Washington guarantees Japan’s defence under its US nuclear umbrella. It uses military bases on Japanese soil as an unsinkable aircraft carrier. It works hand in glove with Tokyo in a tight military alliance.
The question is whether Washington is really willing to uphold the Japanese alliance as the going gets tougher. Will it let America to be led by the nose by Japanese nationalists into a clash that is not obviously – or immediately – in US national interest?
President Barack Obama faces the toughest diplomatic choice of any US leader since John Kennedy. Ultimately, this matters much more than the nuclear posturing of loud-mouth Ahmadinejad and his clerico-Fascists.
Mr Obama will put the world’s two superpowers on a collision course if he takes a hard line with China, that is to say if he feeds fears of strategic encirclement and feeds suspicions that America will try to block China’s rise as a great power.
He will cause panic Japan and a lurch towards full-blown rearmament – and a dash for nuclear weapons – if he seems to lets down Tokyo as the soon the pressure builds.
Judging by the new anti-missile radar system agreed between America and Japan on Monday, Mr Obama is tilting towards Japan. Whether that is the right policy or the wrong policy, it will certainly have consequences.

...As long-standing readers know, my own view is that the West should "appease" China – in the old-fashioned and honourable meaning of the word – until and unless such a policy proves unworkable.

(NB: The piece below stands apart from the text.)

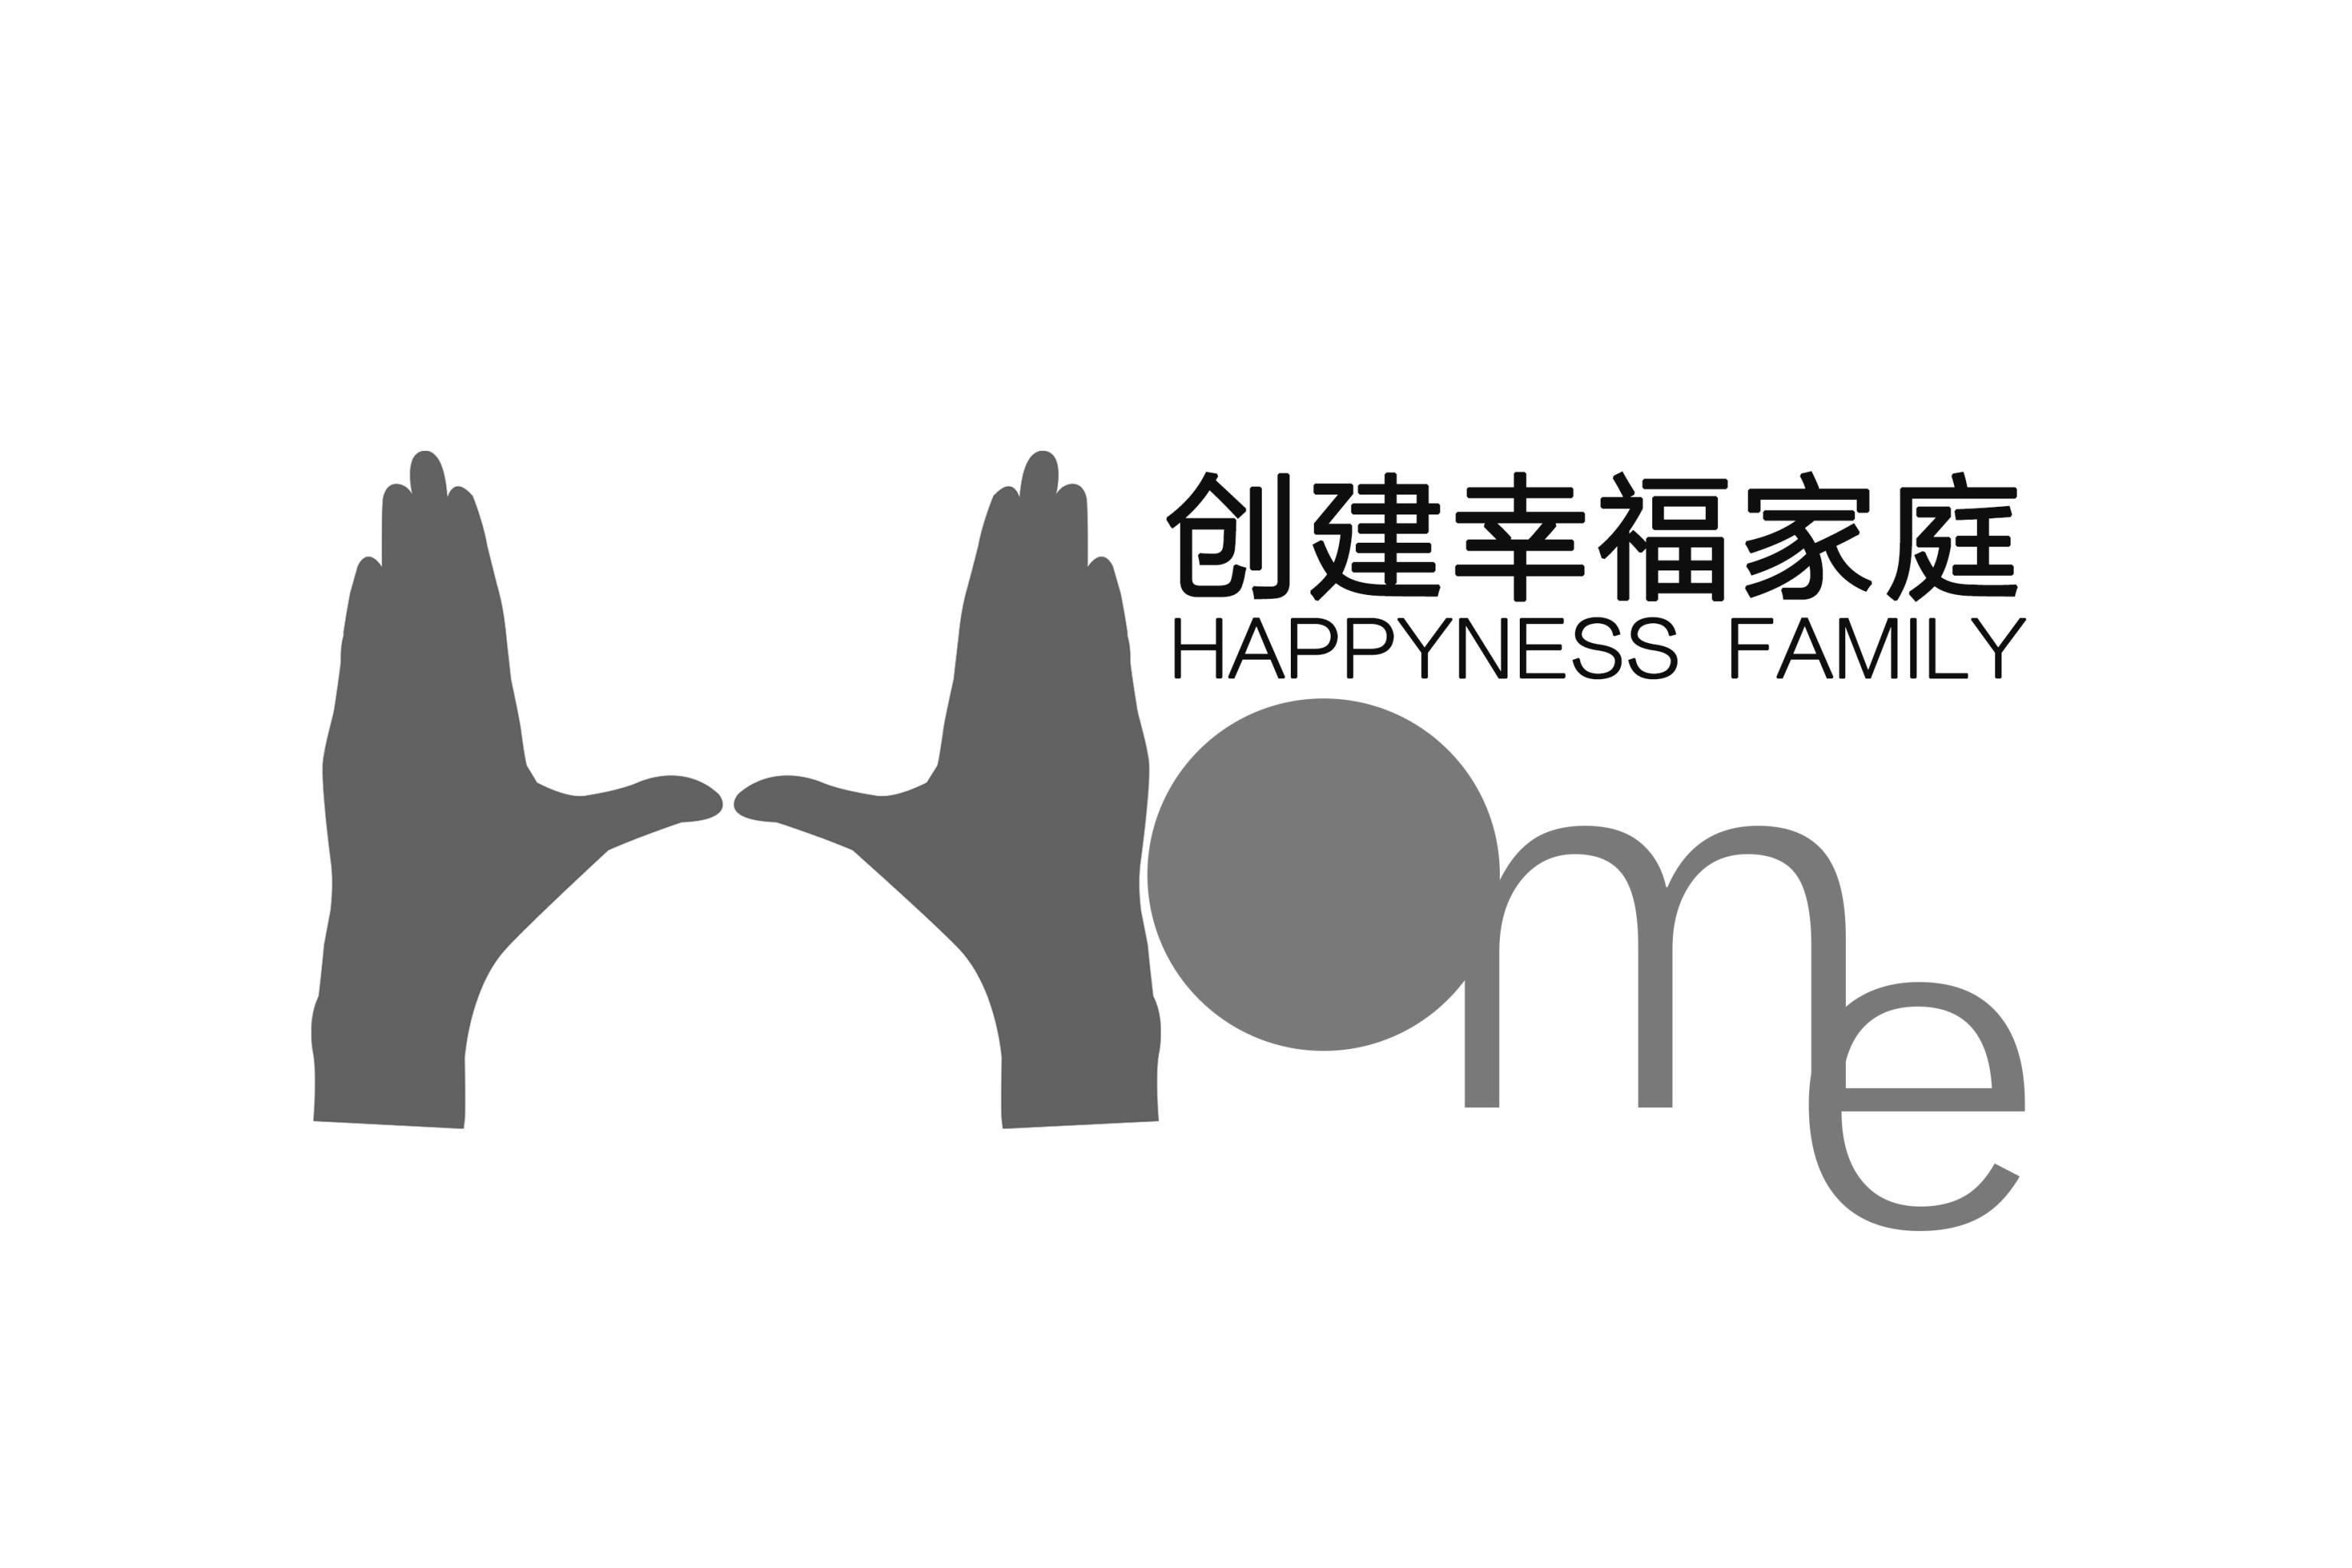 创建幸福家庭活动logo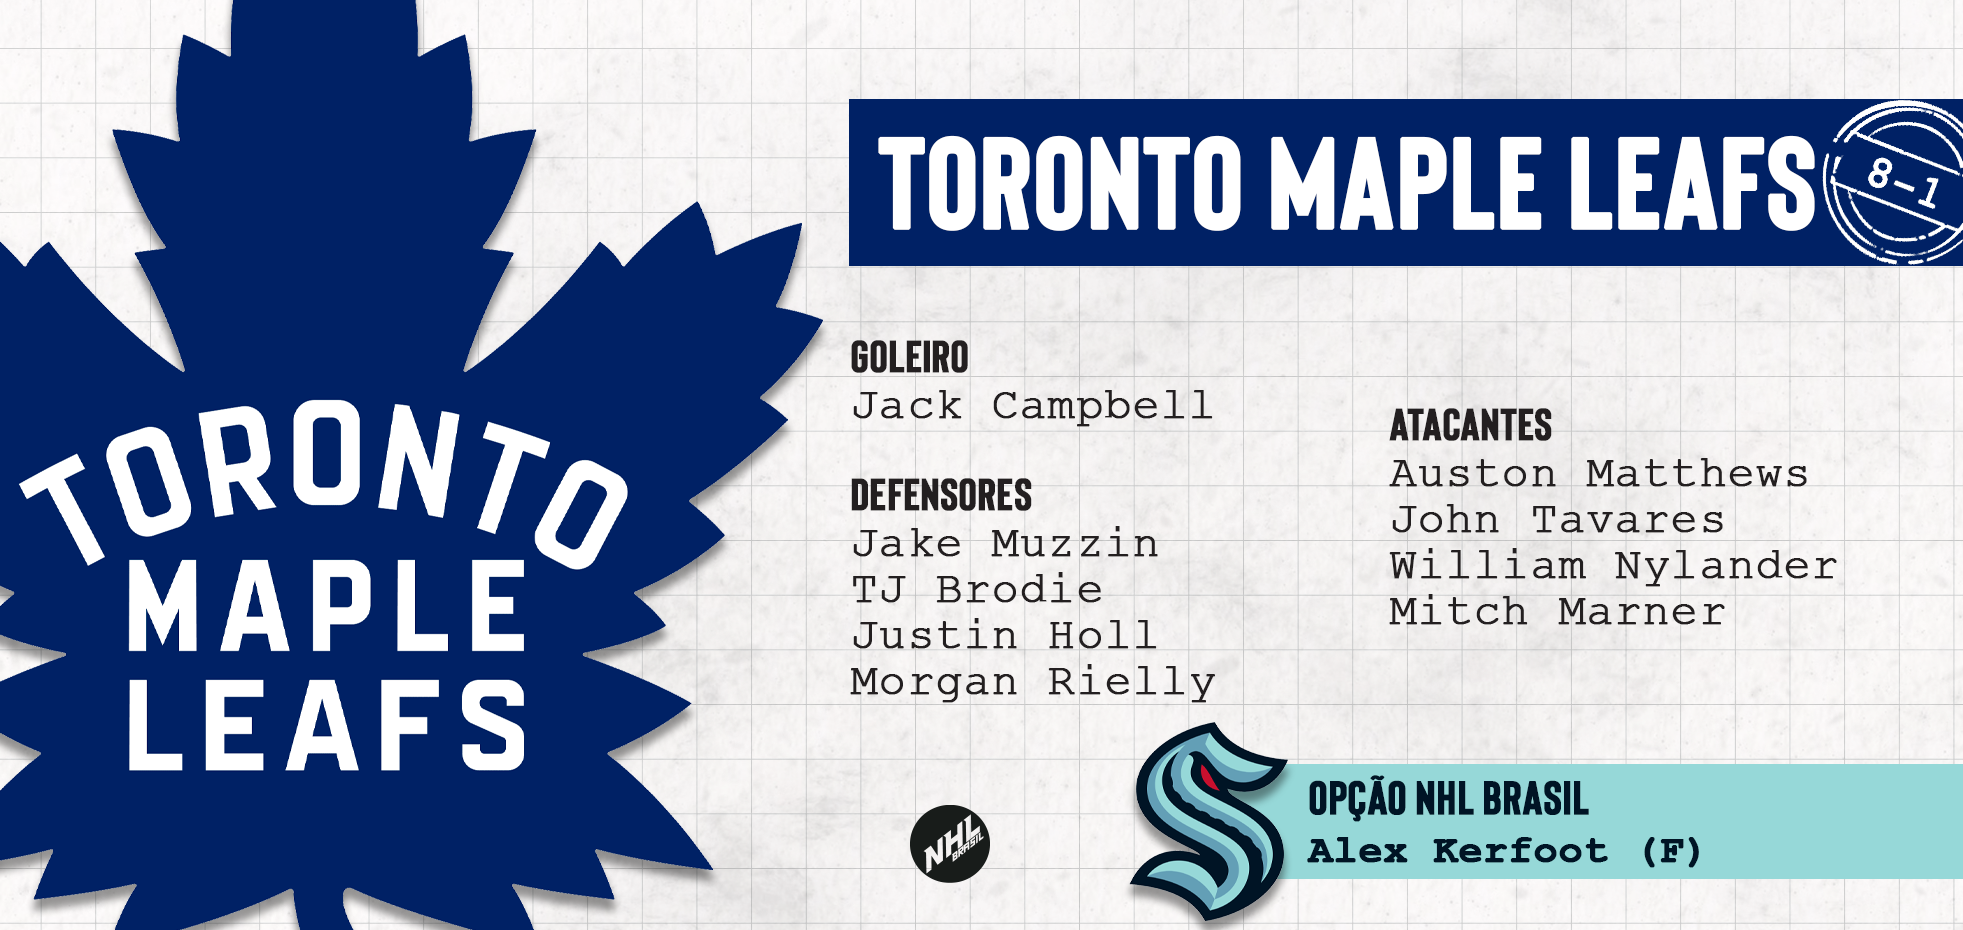 TORONTO MAPLE LEAFS - lista de jogadores protegidos na Divisão Atlântica da NHL

We must be very careful to avoid the "Wilhelmine syndrome", turning a potential enemy into an actual enemy by playing to China’s fears – perfectly understandable fears in many ways. Easier said than done, of course.
That means bending some way to accommodate a rising China and to draw it peacefully in the system of world governance as a full stakeholder and respected power. This, broadly, has been the policy Mr Obama has championed: a greater role for China in the G20, the IMF, and World Bank.
Ultra-hawks such as former UN Ambassador John Bolton pushing for a policy of containment and outright confrontation are in my view a danger to humanity.
These latterday MacArthurs are more likely to inflame the feelings of mid-ranking officers in the PLA – easily inflamed, mind you – and strengthen the hand of those in the Standing Committee who want a showdown with the West.

... The Communist leadership is of course riding a tiger that it fattened in the first place. Jiang Zemin stoked revanchist hatred of the Japanese with his "Patriotic Education Campaign" of the 1990s to divert attention from party corruption and the fallout from China’s Capitalisme Sauvage.
These feelings now have a life of their own, hard to switch on and off at will.
The immediate flap over the these islands may soon subside – if it has not already – but there will be many more such incidents in coming years. The world is heading into perilous waters.